Речушка с нависшими кое-где по берегам зарослями ивняка, касающимися её глади своими длинными зелёными ветвями, змейкой извиваясь, пробивает себе путь меж холмов и равнин, устремляясь вперёд, искрясь гонимой ветром рябью, словно это серебрящиеся на солнце чешуйки. Тихая и спокойная в летнее время, она вдруг становится бурлящей и опасной весной и осенью, в период большого половодья, когда вода затапливает все окрестные низины, превращая их в обширные поймы. Но сейчас она мирно и спокойно несёт свои воды, и вдоль берега, будто белые головки ромашек, рассыпавшиеся по зелёному полю, мирно расположились летние жилища башкир-кочевников.

Вот над жилищами, в воздухе, заструились белые полоски дыма и по степи пополз его сладковато-горький запах – это женщины, поднявшись с первыми лучами восходящего солнца, принялись за свои повседневные хлопоты: разводят огонь в очагах и готовят пищу.

Степь пробуждается, раскрашиваясь палитрой чудесных цветов, наполняется новыми звуками и запахами грядущего дня.

У одной из тирмэ[14 - Юрта – жилище (башк. этн.).] молодая женщина хлопочет у очага. Женщина одета в длинное платье, полы которого скрывает ступни её ног, обутые в сплетённые из лыка лапти. Поверх платья – тёплая стёганая накидка-полукафтан. По утрам в степи, даже в летние месяцы, пока не взойдёт солнце и воздух не прогреется, бывает зябко. На голове у женщины традиционный головной убор – кашмау[15 - Головной убор башкирского национального костюма. Кашмау носили замужние женщины. Он представлял собой шапочку со спускавшейся на спину неширокой лентой – наспинником. Эта лента должна была полностью прикрывать косы женщины на спине.], который обычно носят замужние башкирки. Поверх кашмау накинут платок, спадающий ей на плечи и на спину. По краю головного убора пришиты маленькие серебряные монетки, и всякий раз, как женщина начинает двигаться, они мелодично позвякивают, будто маленькие колокольчики.
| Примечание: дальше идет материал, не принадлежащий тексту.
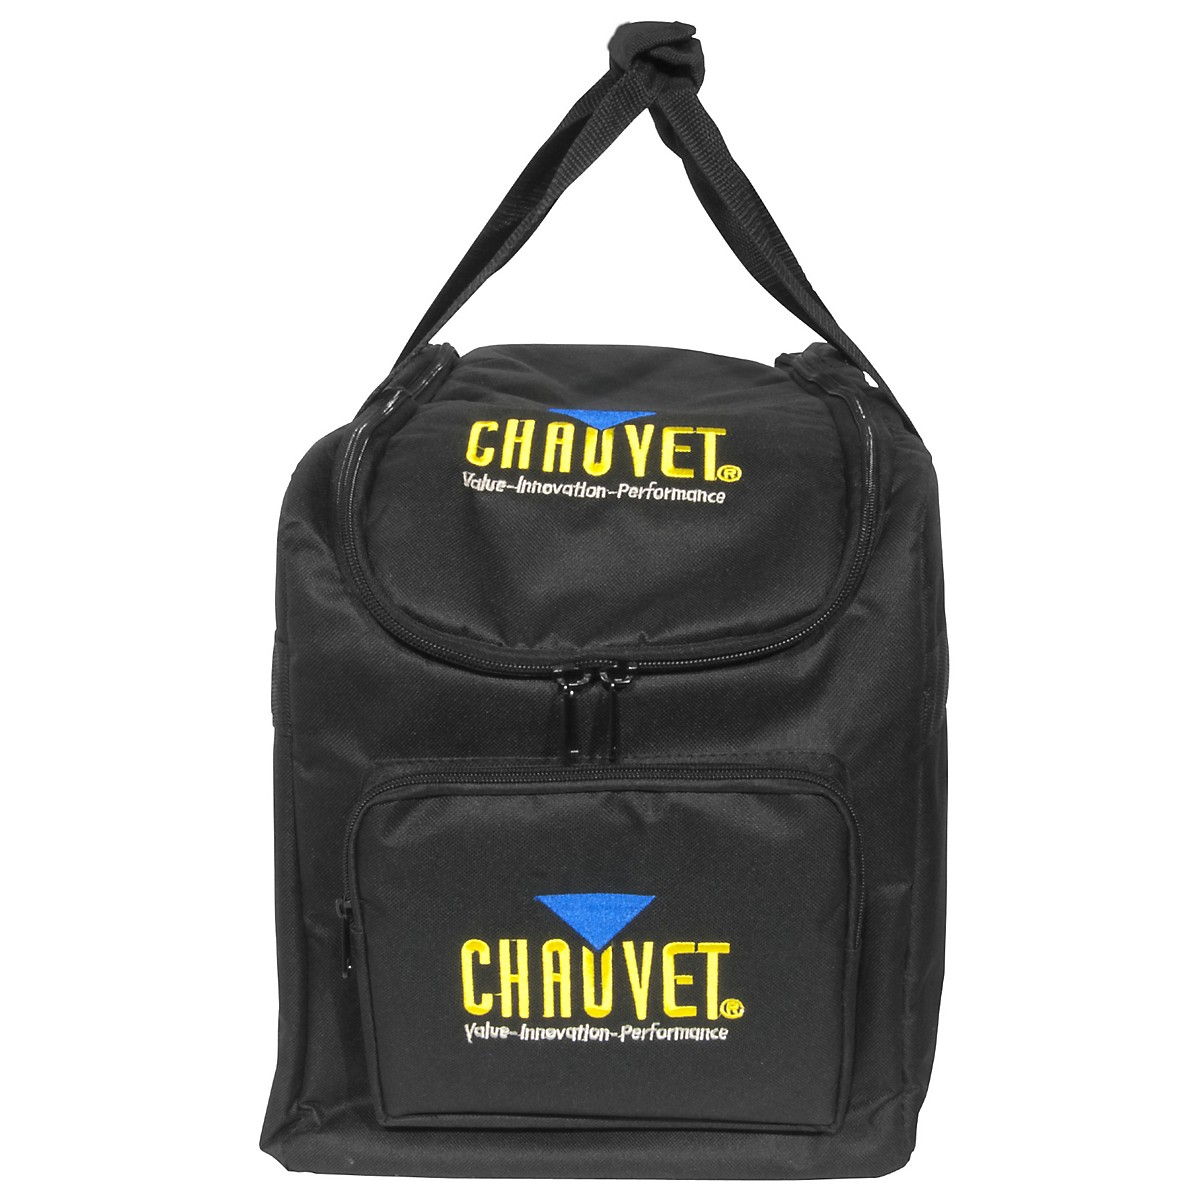 CHAUVET DJ CHS-30 VIP Gear Bag for SlimPAR LED Lights

Женщина разожгла в очаге огонь и водрузила на него большой железный казан, наполнила его водой, положила в него несколько кусков бараньего мяса, а затем накрыла казан массивной железной крышкой. Управившись с казаном, женщина принялась процеживать молоко, переливая его из деревянного ведра в глиняный кувшин через натянутую на горлышко кувшина тонкую тряпицу. Свежее, парное молоко при этом пенилось и от него исходил лёгкий, едва уловимый сладковатый аромат.

Рядом с очагом был сооружён невысокий, но просторный деревянный топчан из гладко отёсанных досок, покрытых толстым войлоком, а поверх войлока был уложен большой ковёр. На этом топчане вся семья, усевшись полукругом, собиралась и обедала, а в особенно жаркие ночи, когда в тирмэ становилось слишком душно, топчан мог послужить и постелью, на которой можно было спать. Над очагом и топчаном – навес на четырёх столбах с закреплёнными на них стропилами из длинных жердей, поверх этих стропил были уложены доски, крытые соломой, защищающие очаг и настил от дождя и непогоды.
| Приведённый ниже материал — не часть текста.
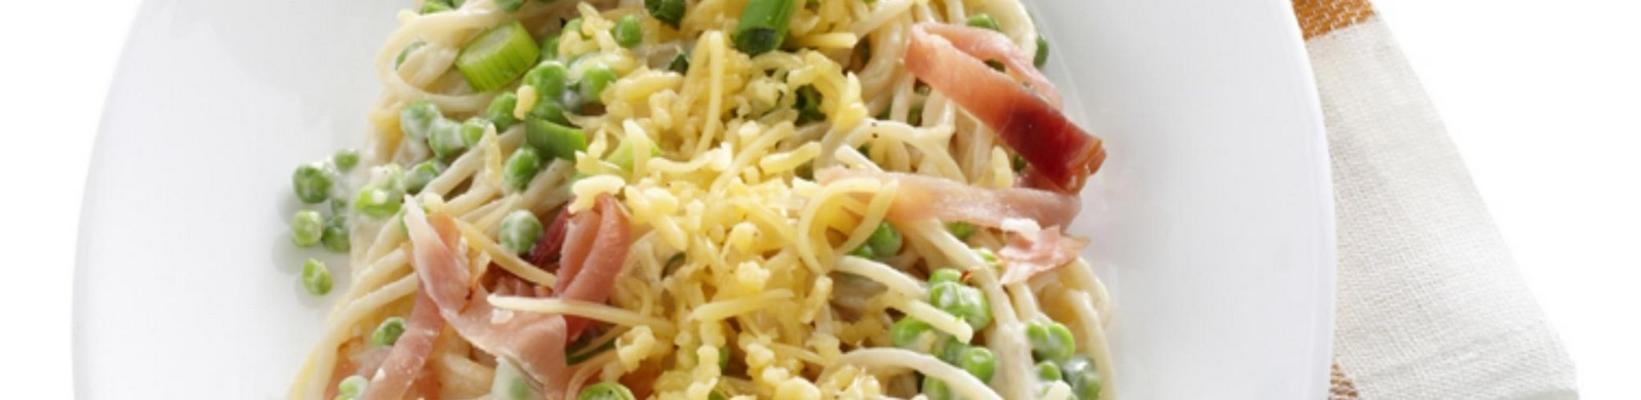 cream spaghetti with peas

Женщина положила посреди настила большое белое полотнище, служившее скатертью, а поверх него поставила большой деревянный поднос, положила в него несколько просяных лепёшек, кусочки козьего сыра, а посреди подноса поставила большую чашу, доверху наполненную мёдом, и кувшин с молоком.

Едва она успела управиться со своими делами, как из тирмэ вышел мужчина. Звали мужчину Аиткул, он был хозяином стойбища, а женщина, хлопотавшая у очага, была его женой – Гуляйзой. Мирно спавшая до того под навесом собака подняла морду и посмотрела на хозяина, но, решив, что будет лучше оставаться на том месте, где она лежала, положив морду на свои передние лапы, продолжила мирно дремать.

Подойдя к настилу, мужчина присел на край его и принял из рук жены наполненную молоком чашку. Отломив от лежащей на подносе лепёшки небольшой кусок, он обмакнул кусок лепёшки в мёд, и отправил его себе в рот, и запил всё это молоком.

Покончив с едой, он заговорил с женой:

– Гуляйза. Я хочу перегнать наш табун ближе к стойбищу, а гнедую кобылицу – байя[16 - Кобыла (башк.).] – поставить в стойло; думаю, что она скоро должна ожеребиться.

В начале весны, когда Аиткул уже отделил молодых жеребцов и кобылок от основного табуна, у него сильно заболели колени, и он несколько дней не выходил из своего тирмэ, и на какое-то время табун оставался без присмотра. К тому же их старший сын Сагит отправился перегонять новый табун на другое пастбище. Когда он выздоровел и мог самостоятельно взобраться в седло, то сразу отправился осмотреть табун. Тогда-то он и заметил, что в одном из косяков[17 - Сравнительно небольшая, в 9—30 голов, отдельная семейная группа лошадей, состоящая из нескольких кобылиц (как правило, 12—20 голов), их жеребят и одного жеребца-производителя.] его табуна появилась новая кобылица. Откуда она пришла и долго ли кочевала с табуном, он не знал.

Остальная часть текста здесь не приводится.